COLLECTED DATA >>
##############################

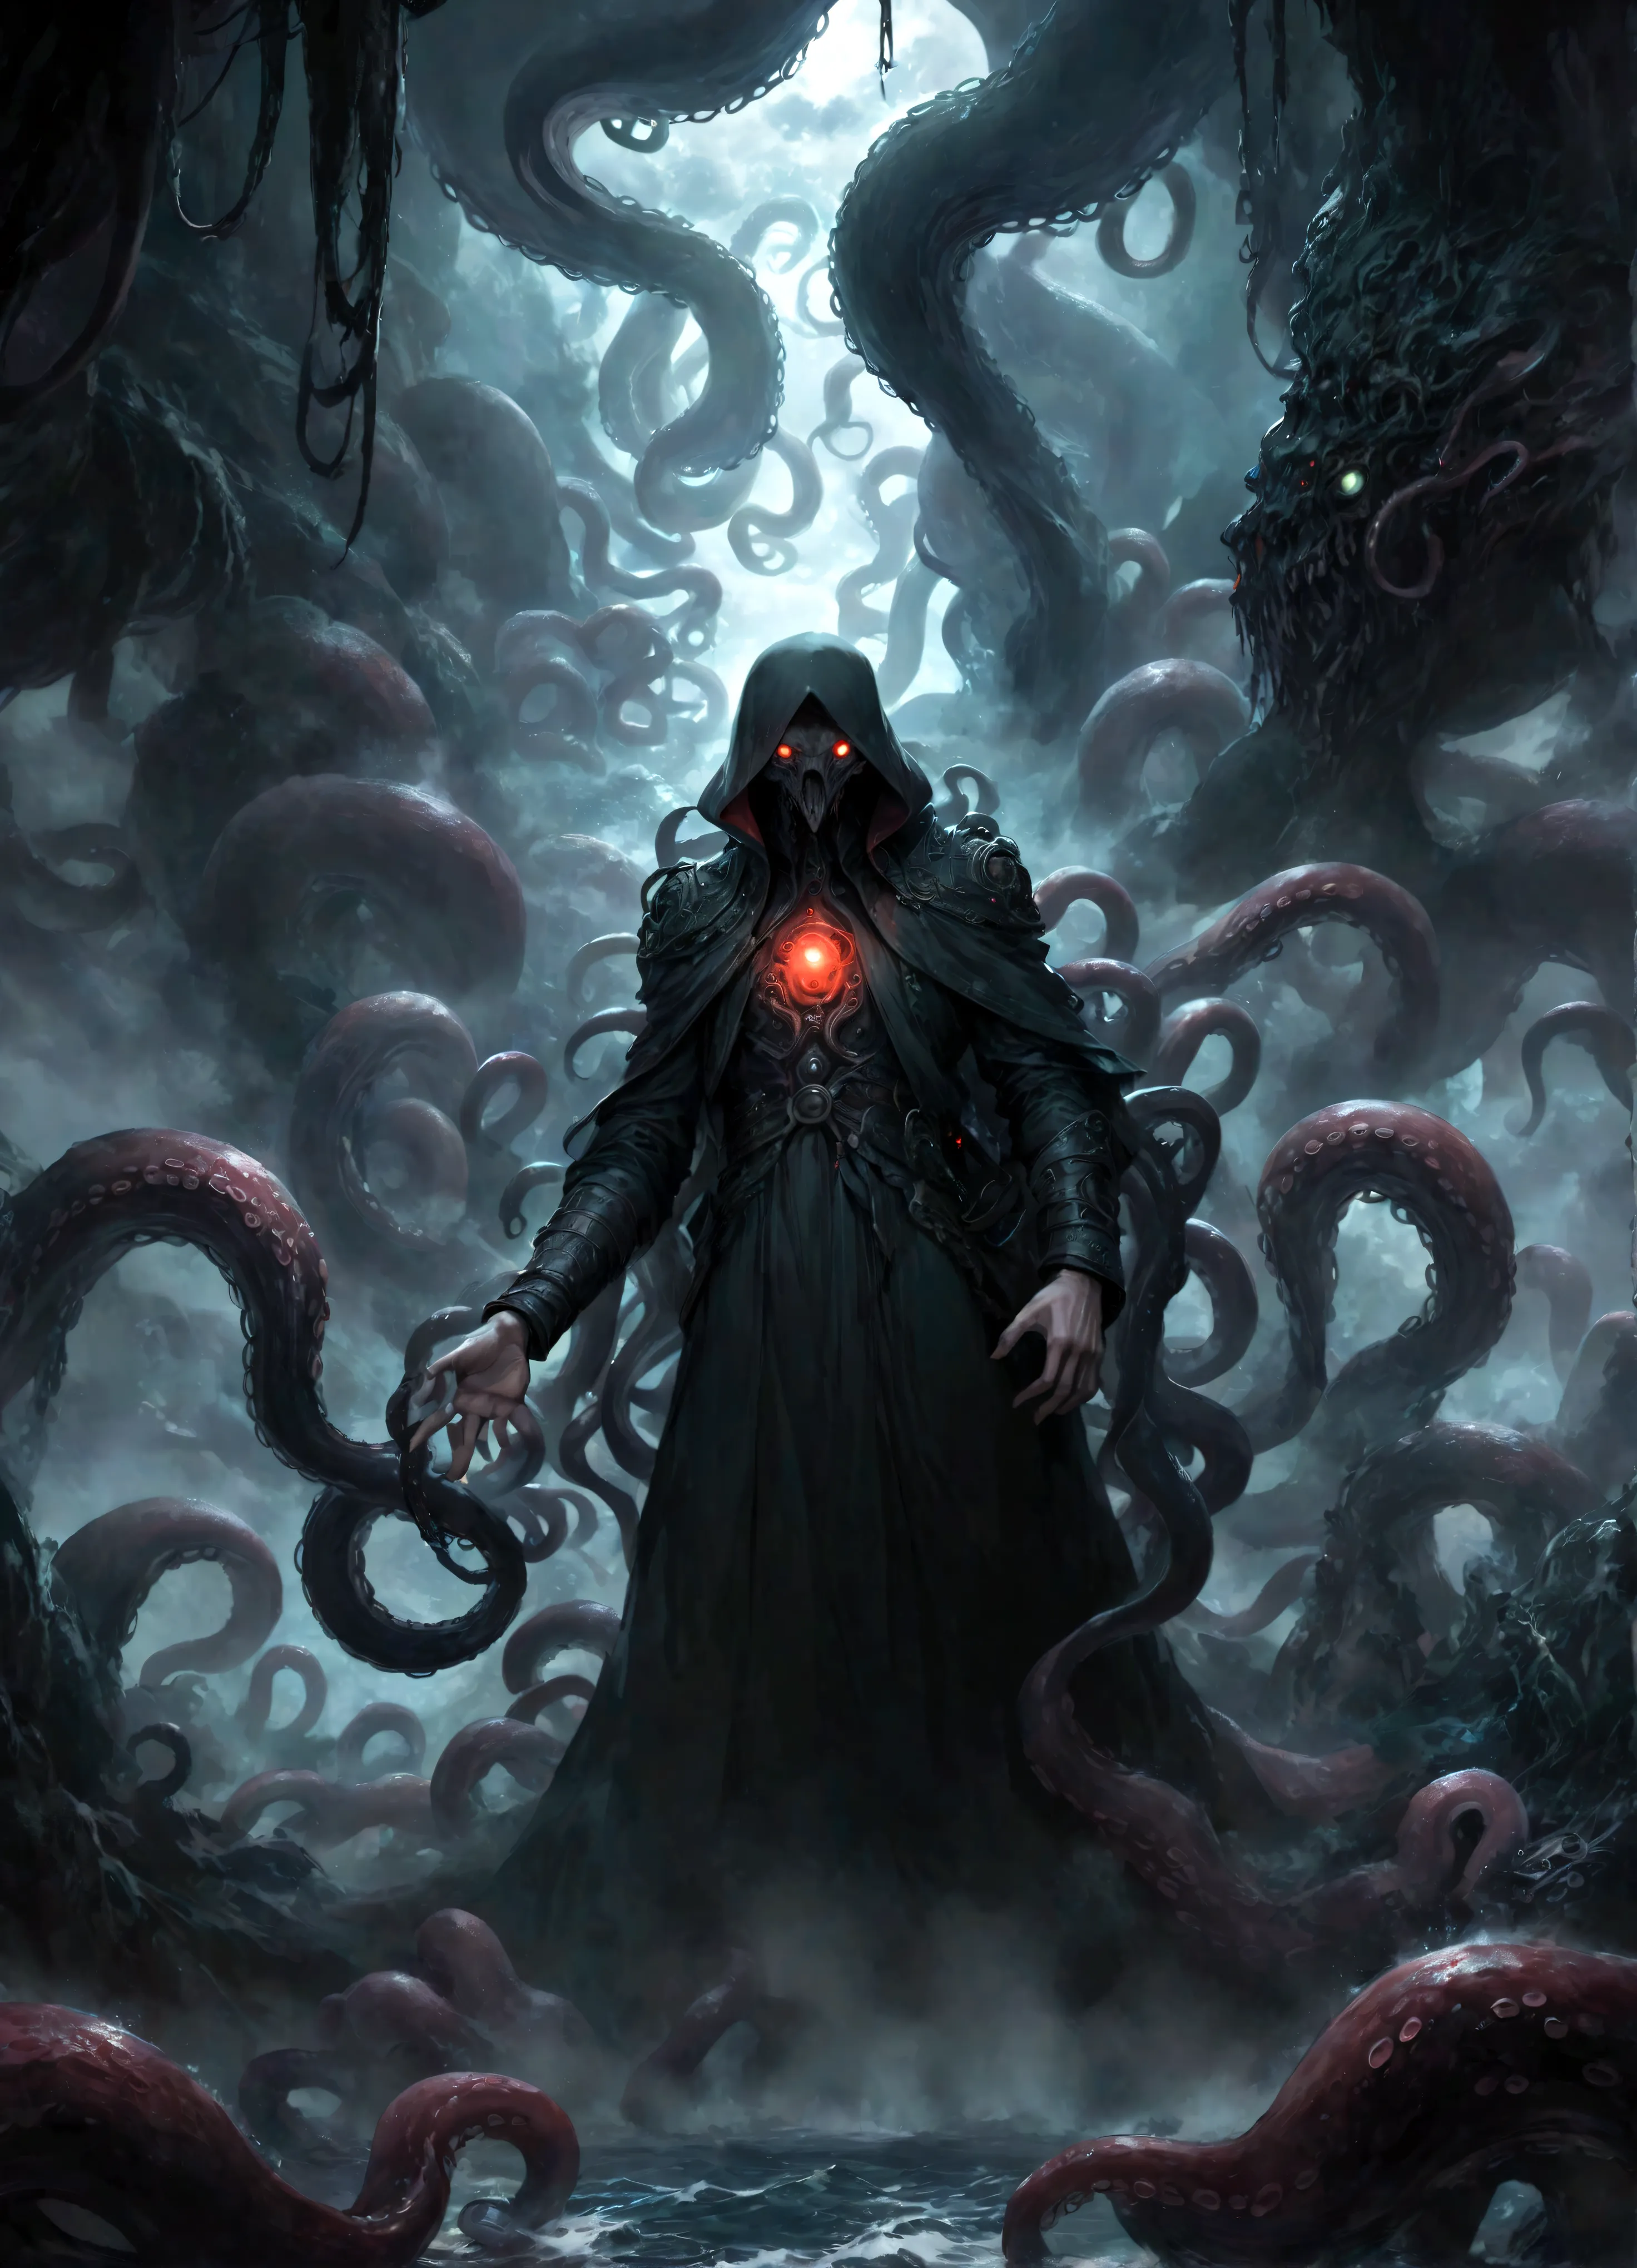 A dark fantasy scene depicting the terrifying creature Cthulhu,emerging from the abyss. The monstrous figure,shrouded in shadows...
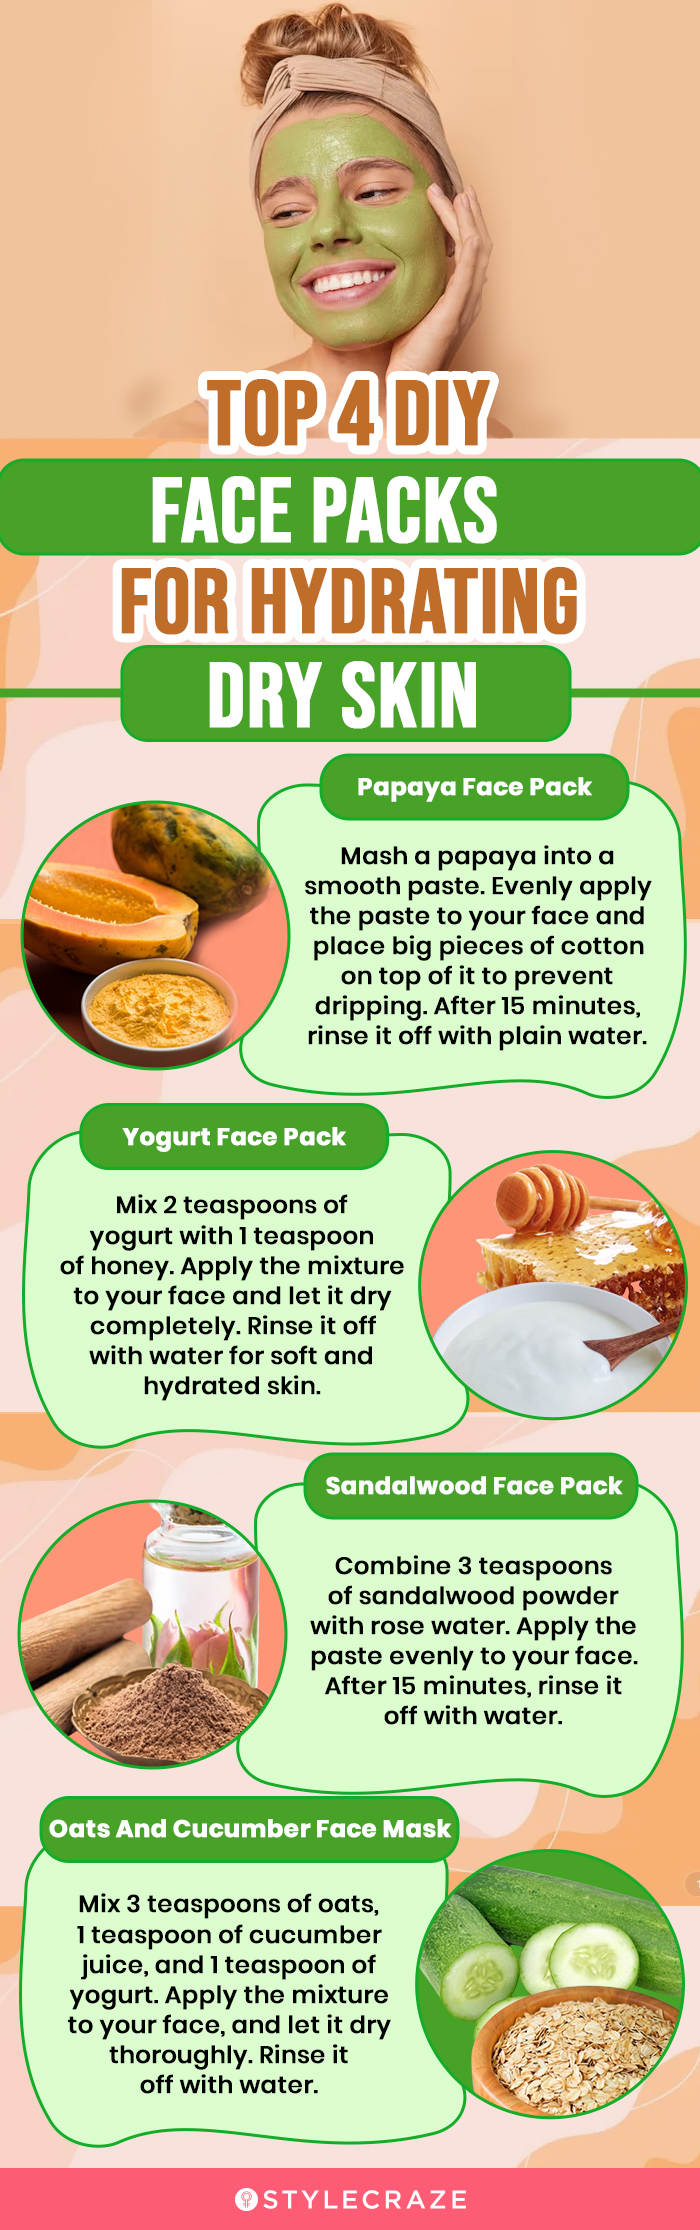 top diy face packs to hydrate dry skin (infographic)
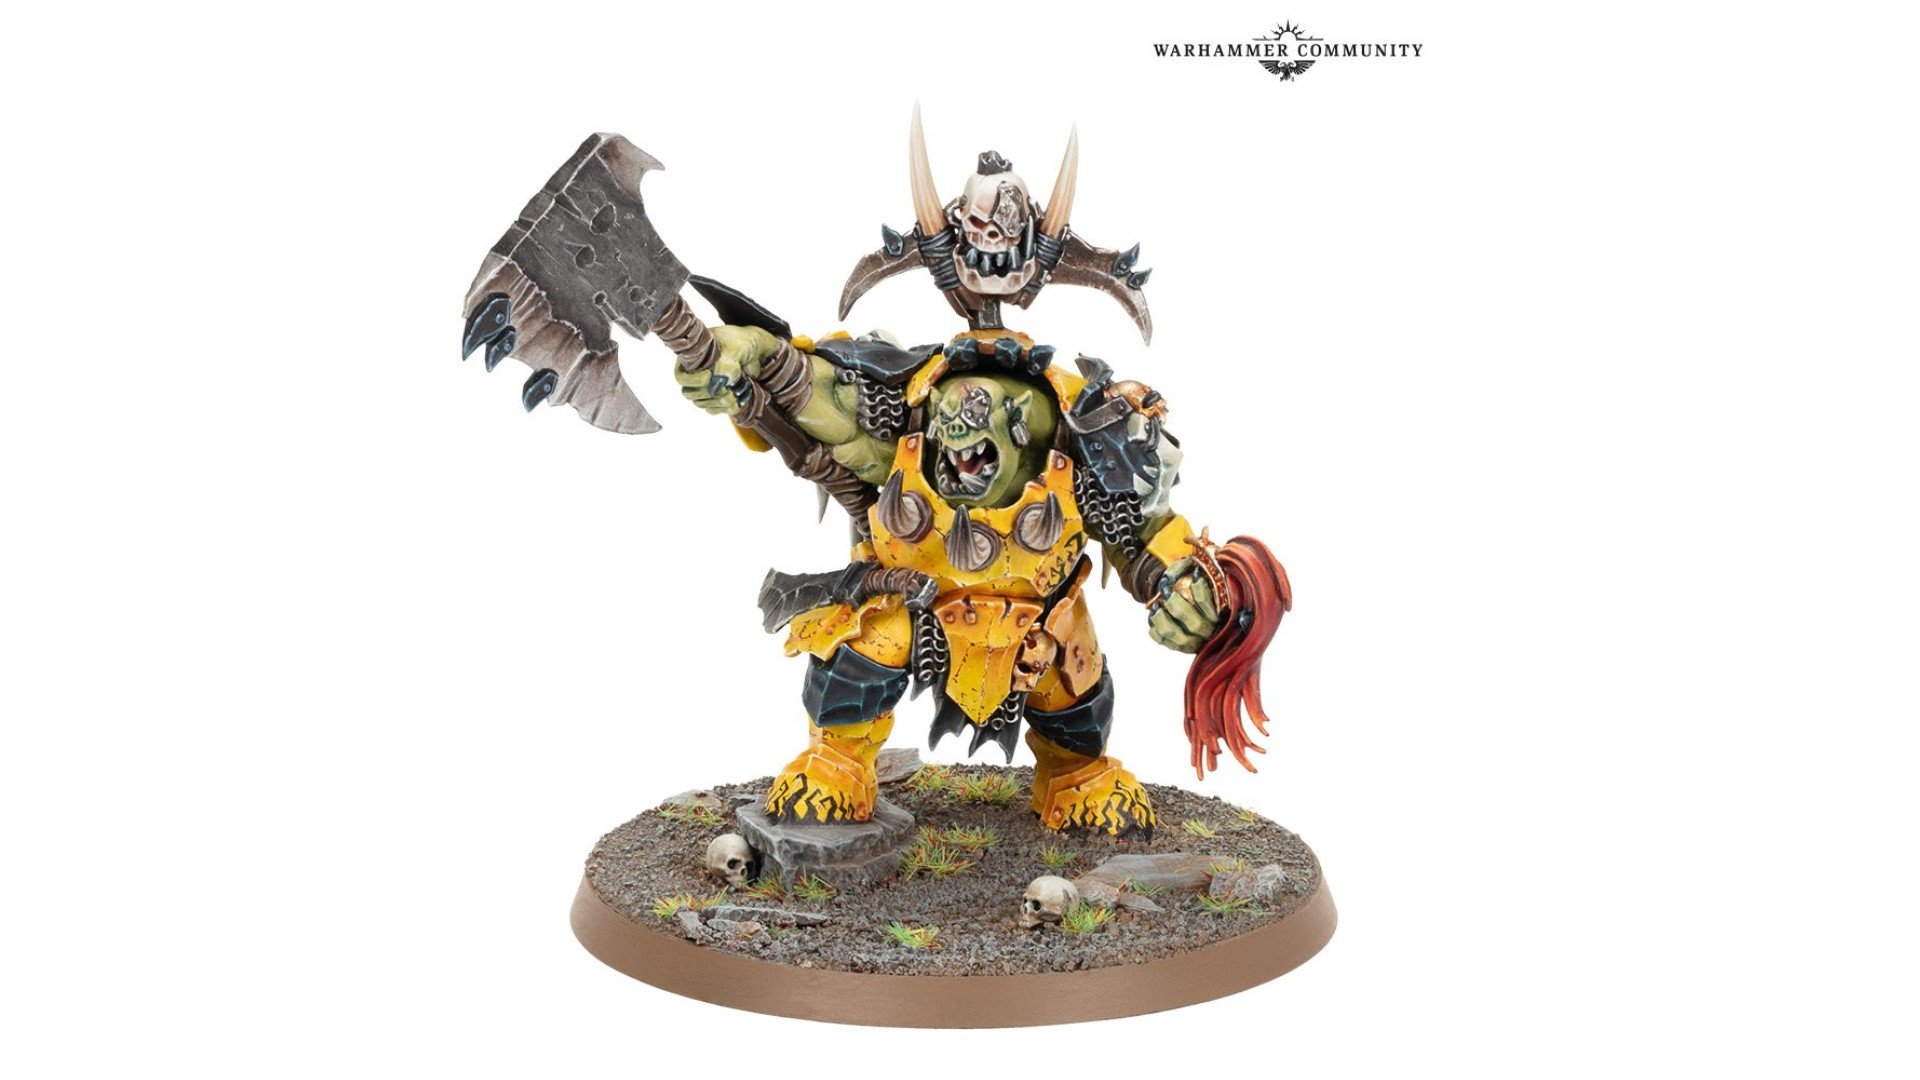 Warhammer+ future is bright - Warhammer Community photo showing the Orruk Megaboss exclusive model

##############################

REQUIREMENT >> Once the pictures have been removed, reproduce each line of the material above exactly.

ANSWER SPACE >>
 A dark fantasy scene depicting the terrifying creature Cthulhu,emerging from the abyss. The monstrous figure,shrouded in shadows...
 top diy face packs to hydrate dry skin (infographic)
 Warhammer+ future is bright - Warhammer Community photo showing the Orruk Megaboss exclusive model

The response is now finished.